Data excerpt |
------------------------------------
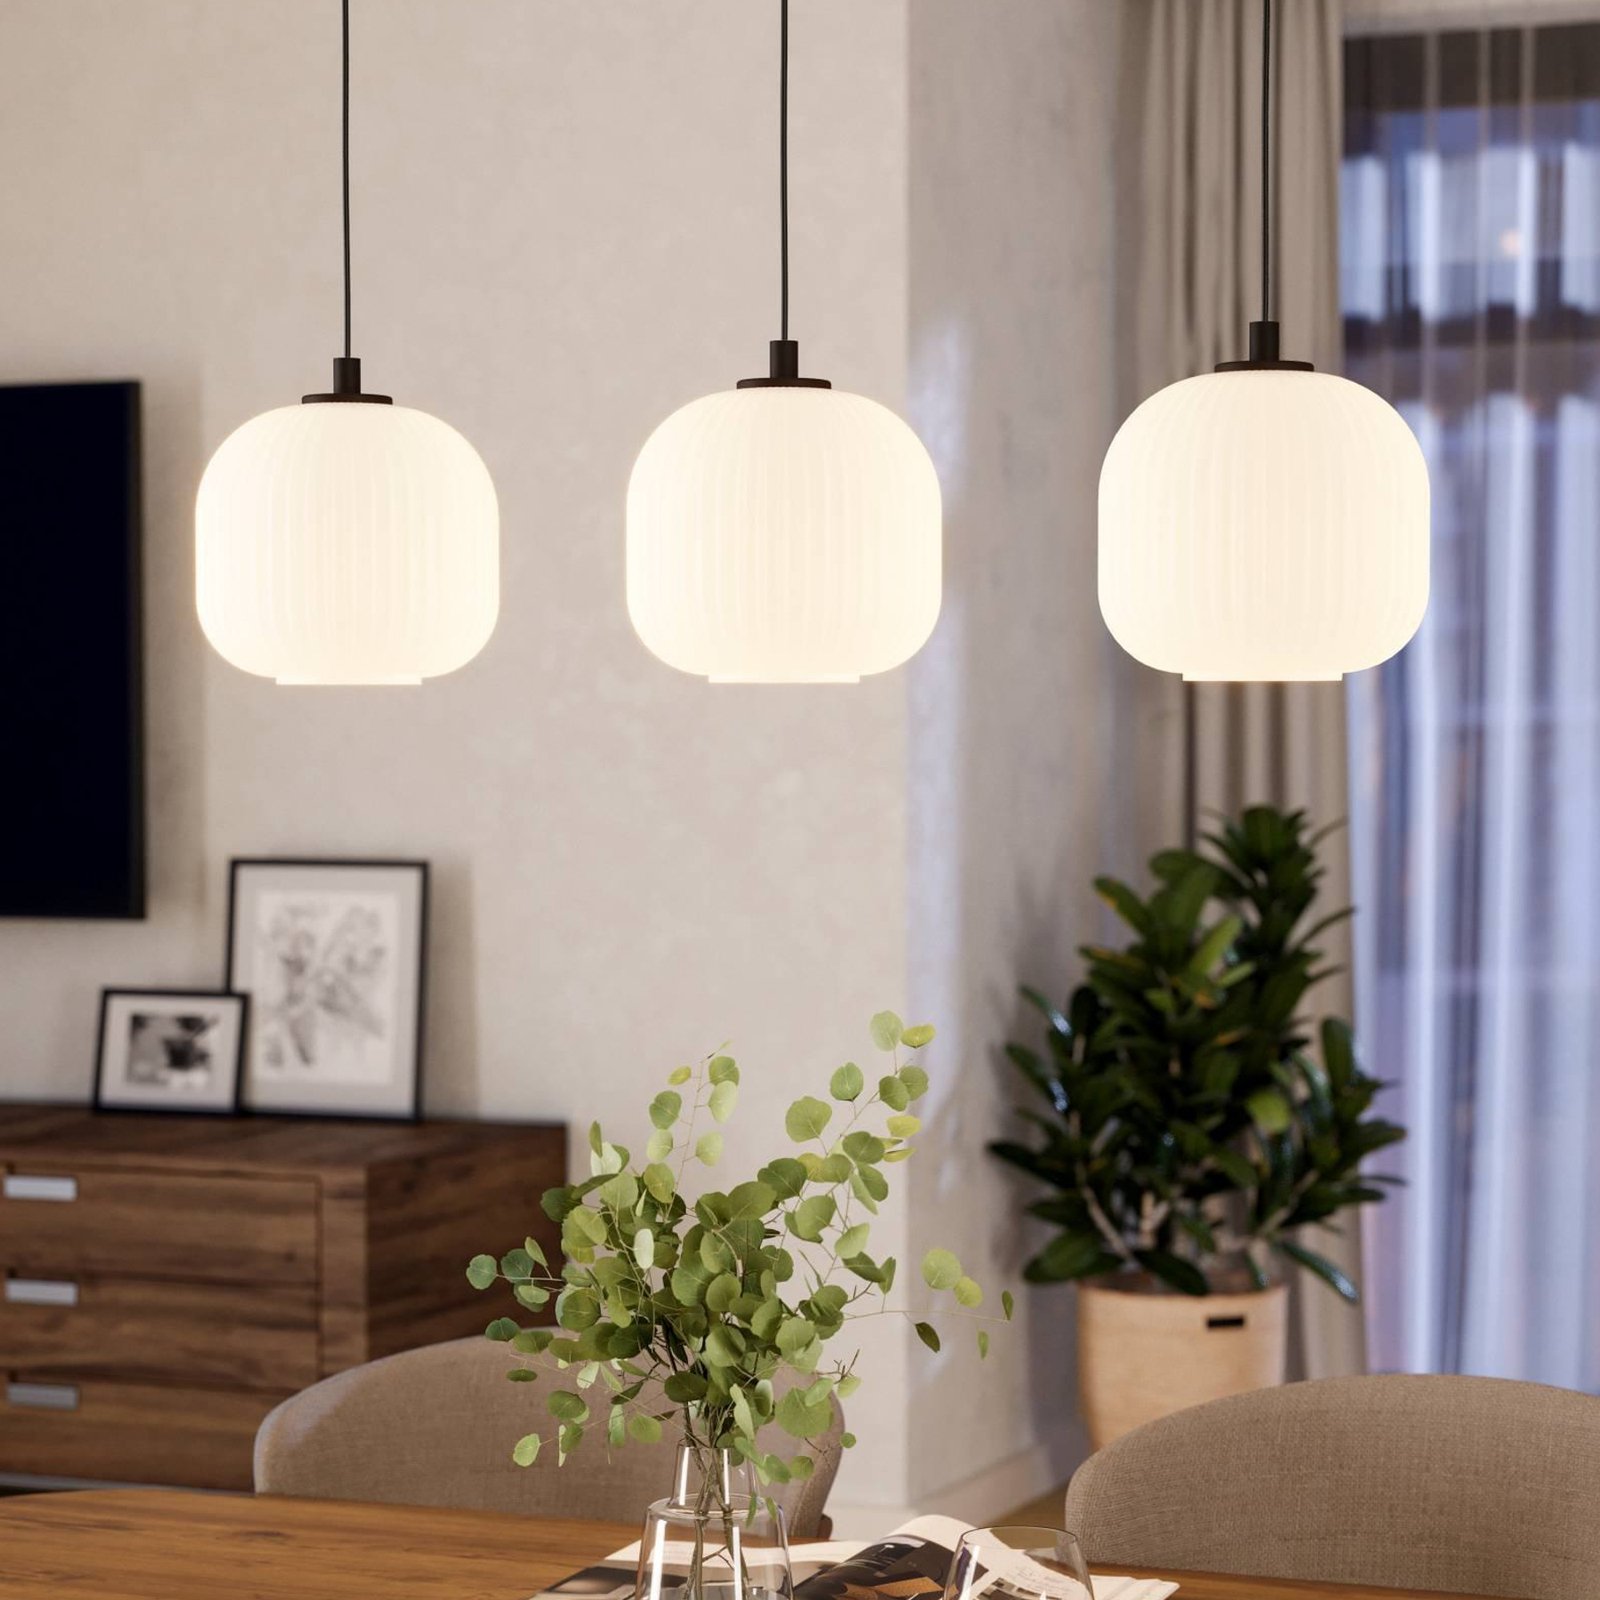 Mantunalle hanglamp, lengte 120 cm, zwart/wit, 3-lamps.
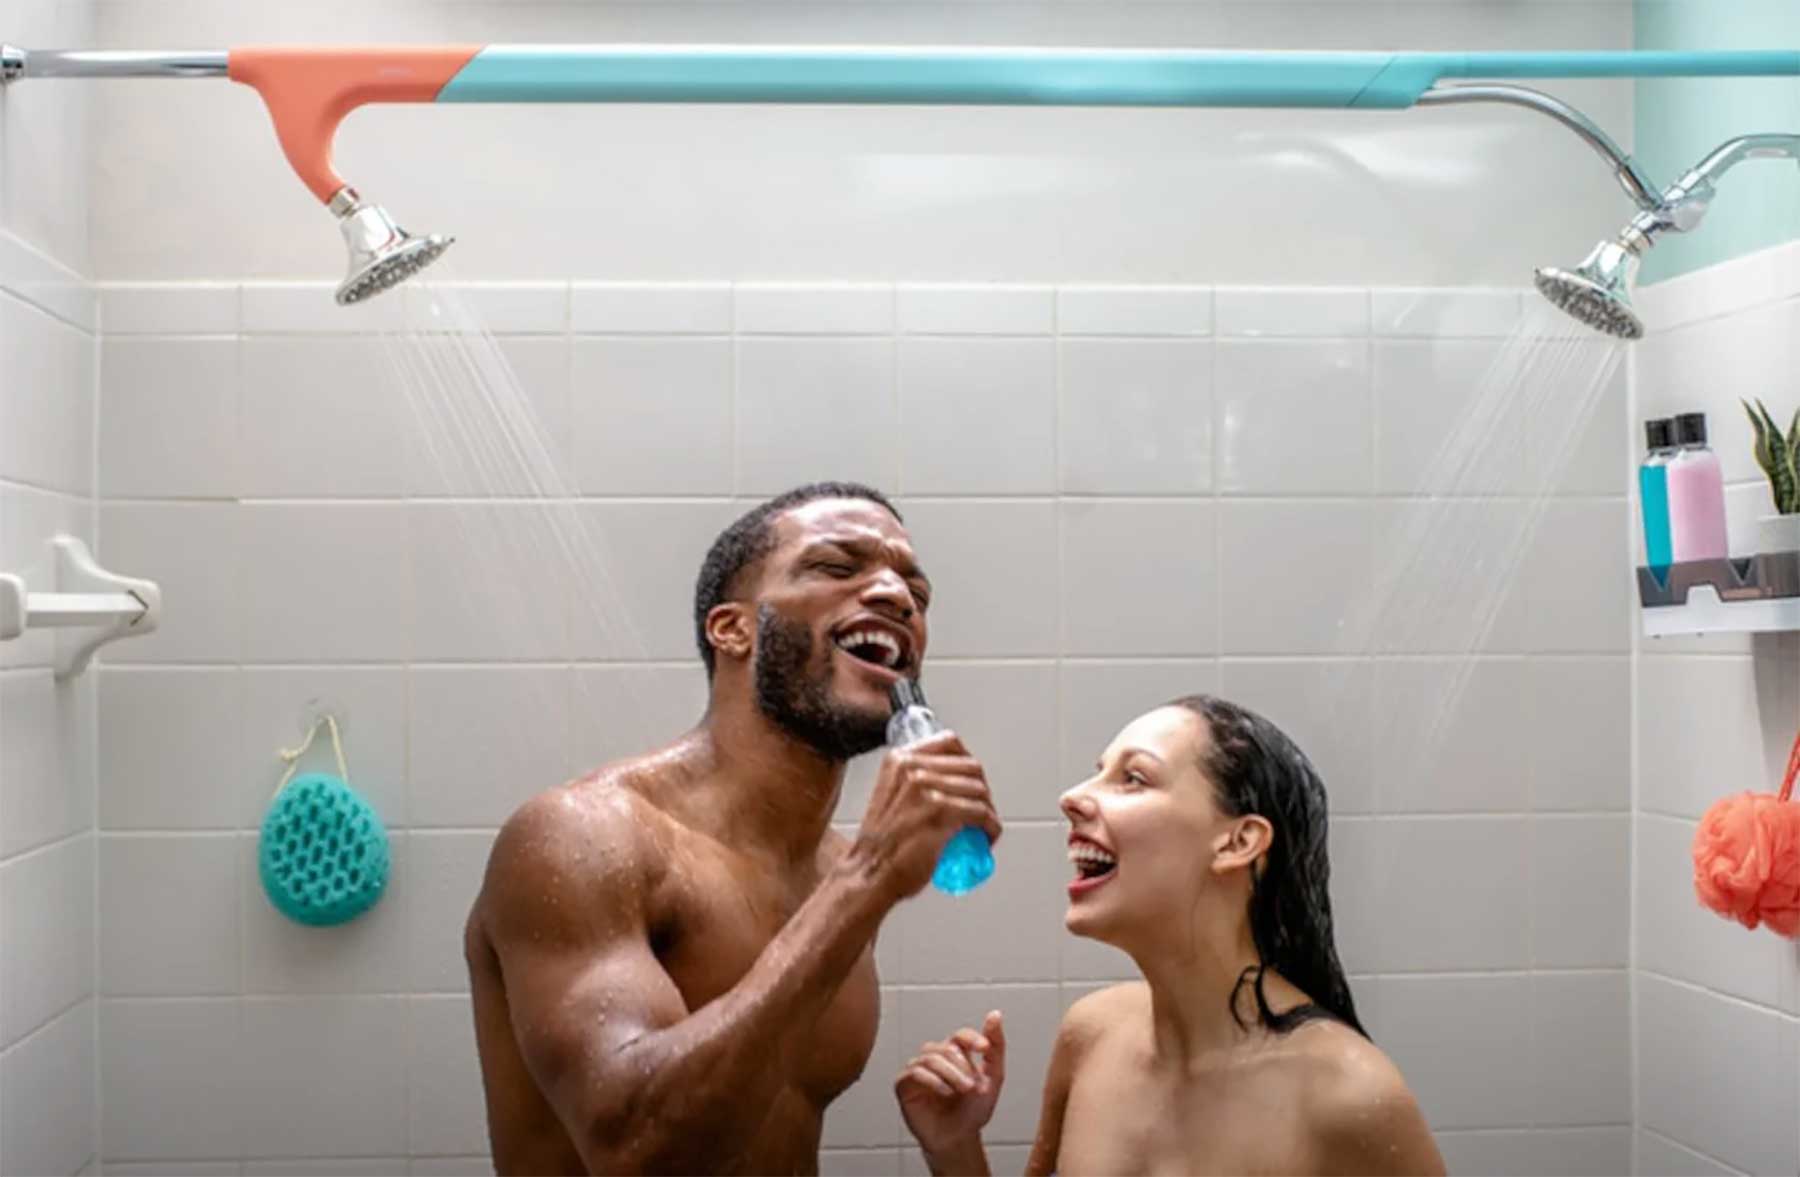 "Tandem Shower" schafft 2 Duschköpfe für gemeinsames Duschen Tandem-Shower 
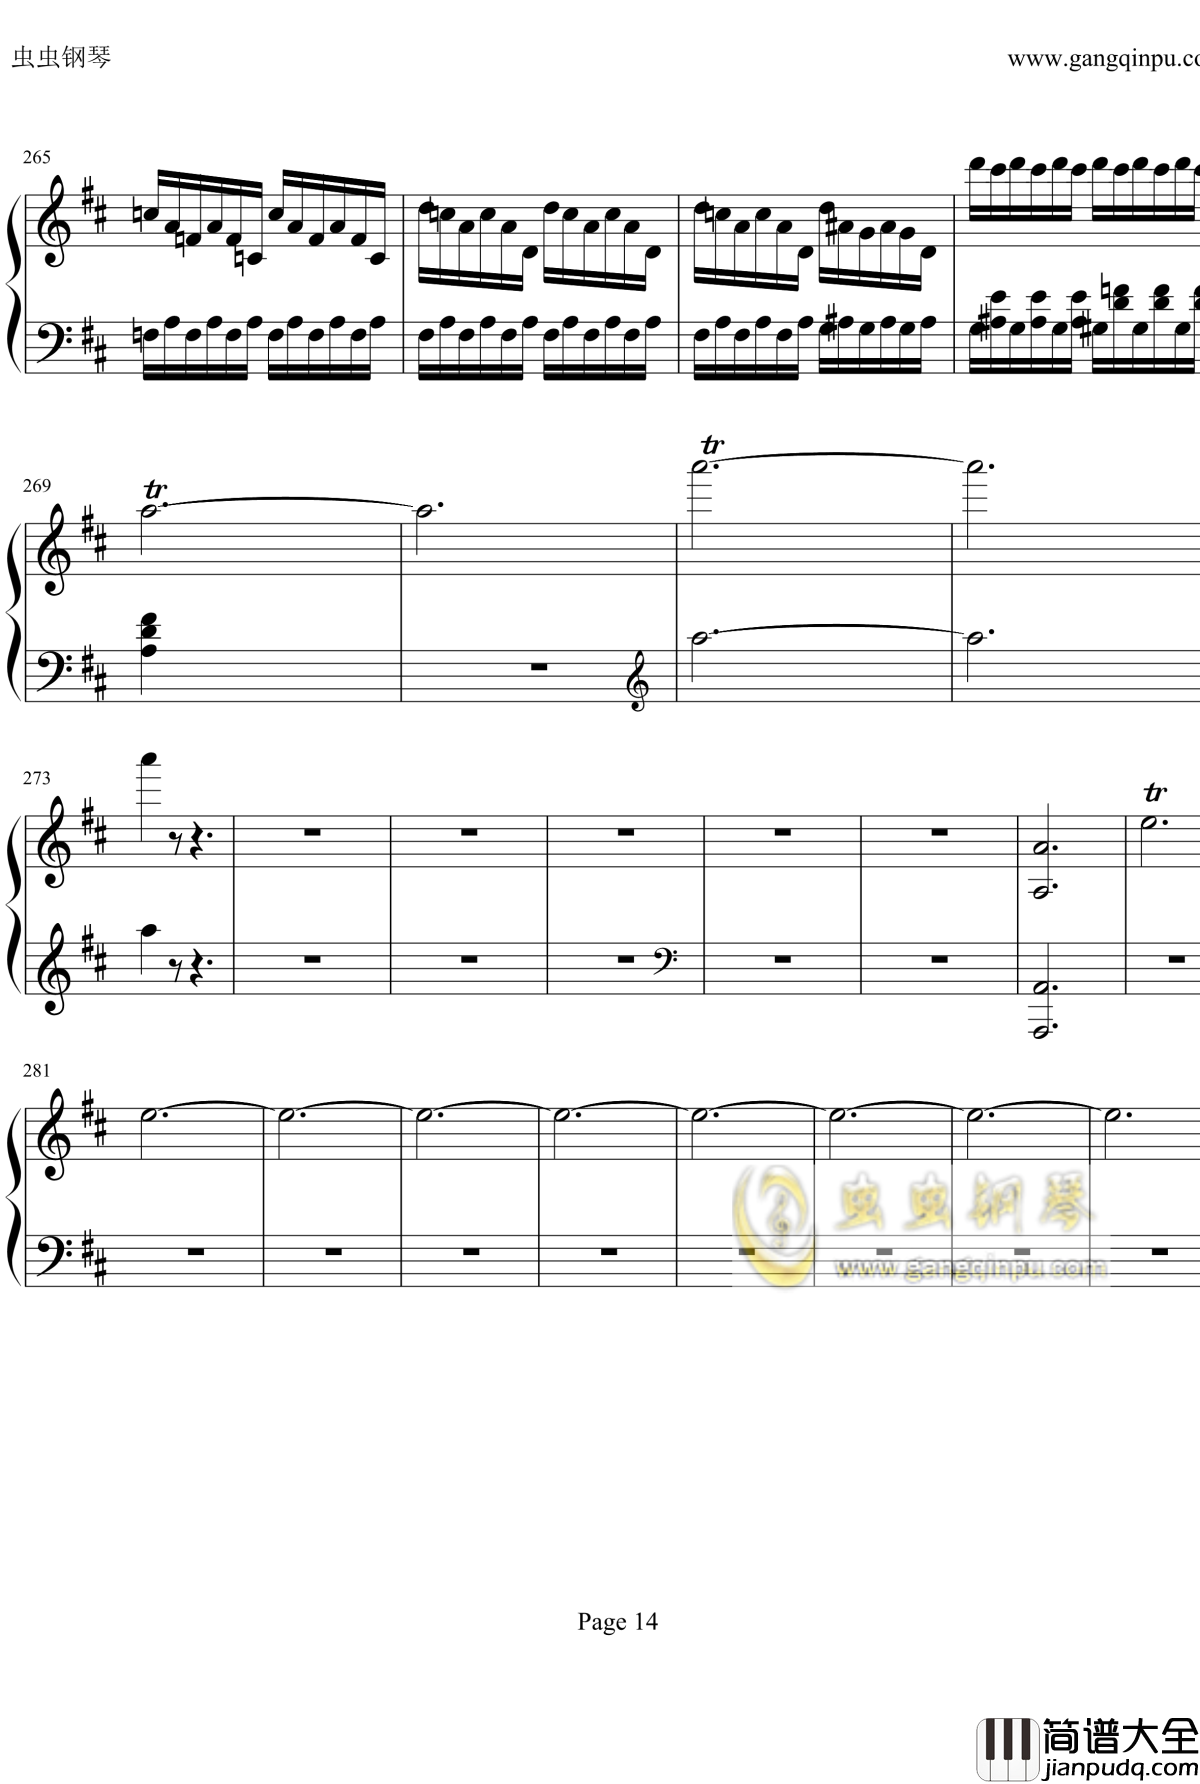 贝多芬钢琴协奏曲Op61第三乐章钢琴谱_贝多芬
------------------------------------
The task | Counting the line with "gemeinsames Duschen Tandem-Shower" and the last line of the data above, transcribe those two lines and every line between them exactly, without the pictures.

Result |
 "Tandem Shower" schafft 2 Duschköpfe für gemeinsames Duschen Tandem-Shower 
 贝多芬钢琴协奏曲Op61第三乐章钢琴谱_贝多芬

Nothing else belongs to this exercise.